Each national influenza centre sends a selection of the most prevalent flu strains in its country to the nearest World Health Organization (WHO) collaborating centre for influenza. Once a year, all these centres meet to analyze their collective data to determine how to make the most effective vaccine for the next season. After that, development of the next annual flu shot begins.

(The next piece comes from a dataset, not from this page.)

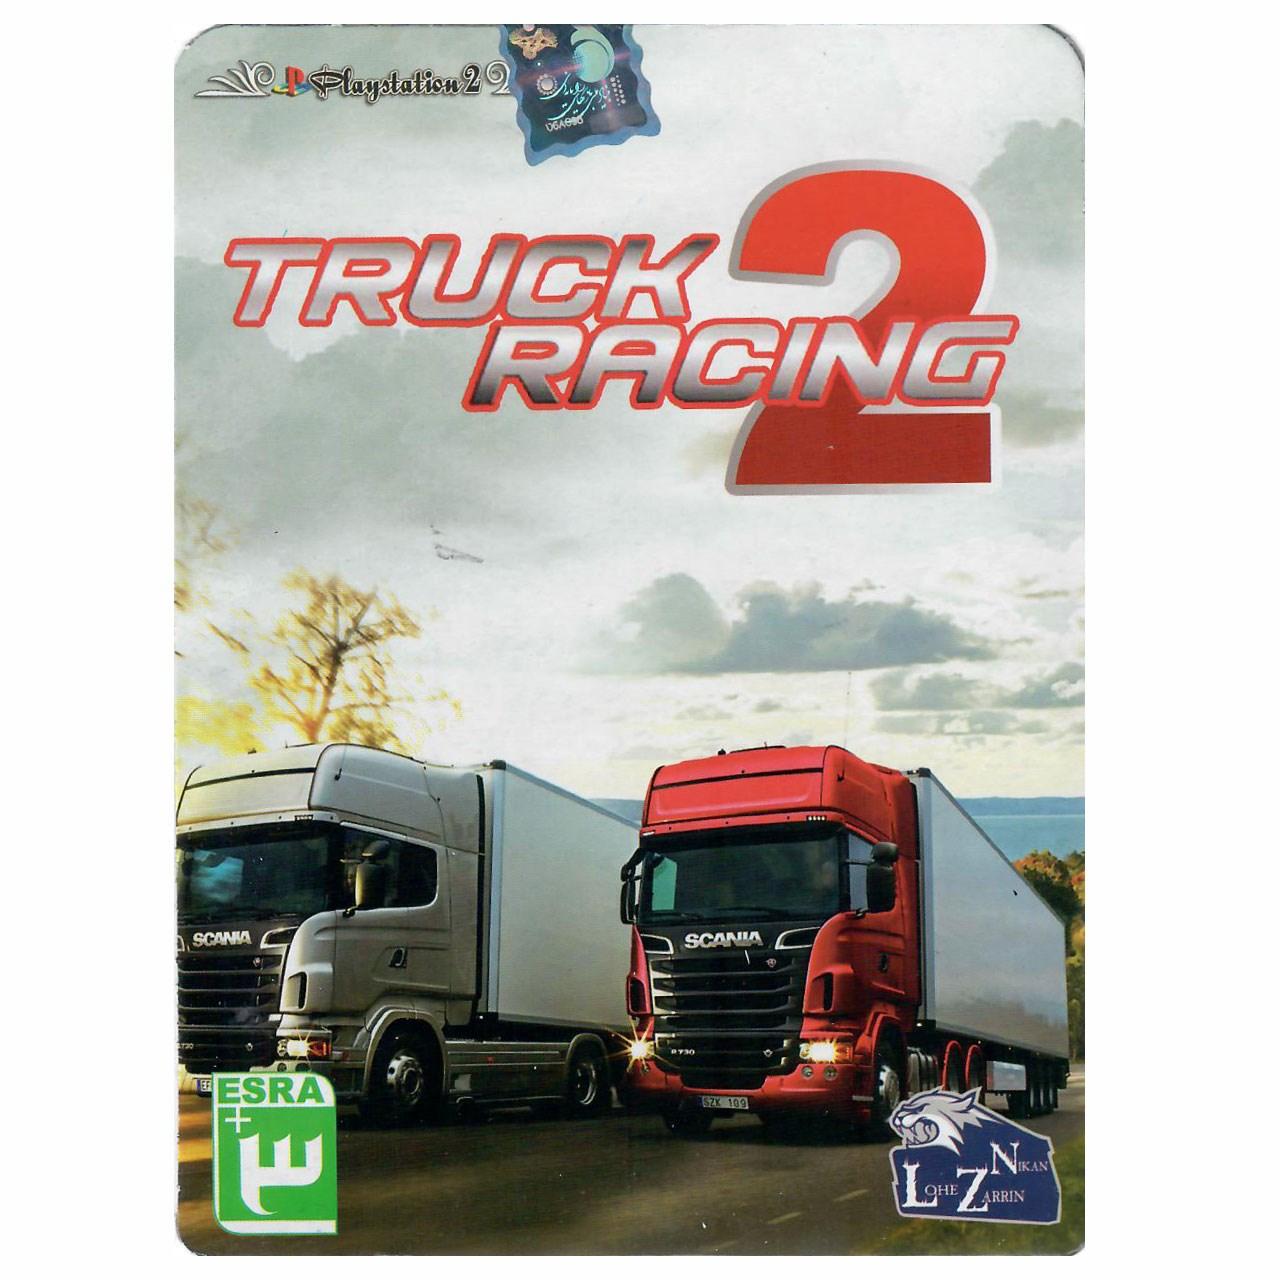 خرید اینترنتی بازی Truck Racing 2 مخصوص PS2 اورجینال
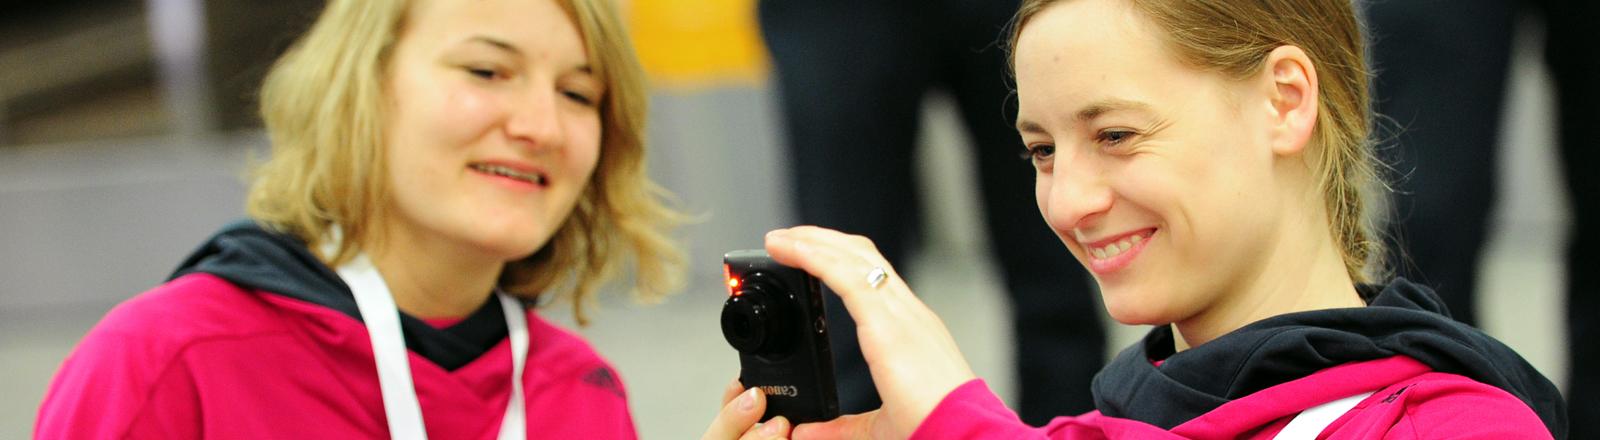 Anna-Lena Forster (links) und Anna Schaffelhuber sind zwei von 13 Athleten, die vom Deutschen Behindertensportverband nach Sotschi geschickt werden.

How you can help track the flu

While NML flu researchers are busy in the lab, PHAC epidemiologists are using state-of-the-art tools to track the spread of influenza across the country and around the world. They track when and where influenza and influenza-like-illnesses are happening and determine the groups of people who are most affected by them. The results of these surveillance activities can be found in their weekly FluWatch report.

The FluWatch program consists of a network of labs, hospitals, doctors’ offices and provincial/territorial ministries of health. PHAC epidemiologists also rely on data reported by the public to figure out where the flu is spreading and to look for signals of high or unusual flu activity.

Canadians from across the country can sign up to become Fluwatchers. By taking just 15 seconds to answer questions each week during the flu season, Fluwatchers help our epidemiologists track the virus in Canada.

“Data from our Fluwatchers is so important because it paints a picture of how the flu is affecting people in different regions of the country,” said Claire Sevenhuysen, an Epidemiologist with FluWatch.

Getting your annual flu shot is the most effective way to protect yourself against the flu and flu-related complications. The more people get vaccinated against the flu, the lower the chance of catching the flu and spreading it in the community. “Getting vaccinated protects you and those around you who may be too young or unable to receive the flu shot,” said Ms. Sevenhuysen. “Even if you are healthy, having the flu makes you feel like you got hit by a truck. The annual flu shot can reduce your chance of getting the flu and may reduce the severity of symptoms even if you still get the flu, so it’s worth it!”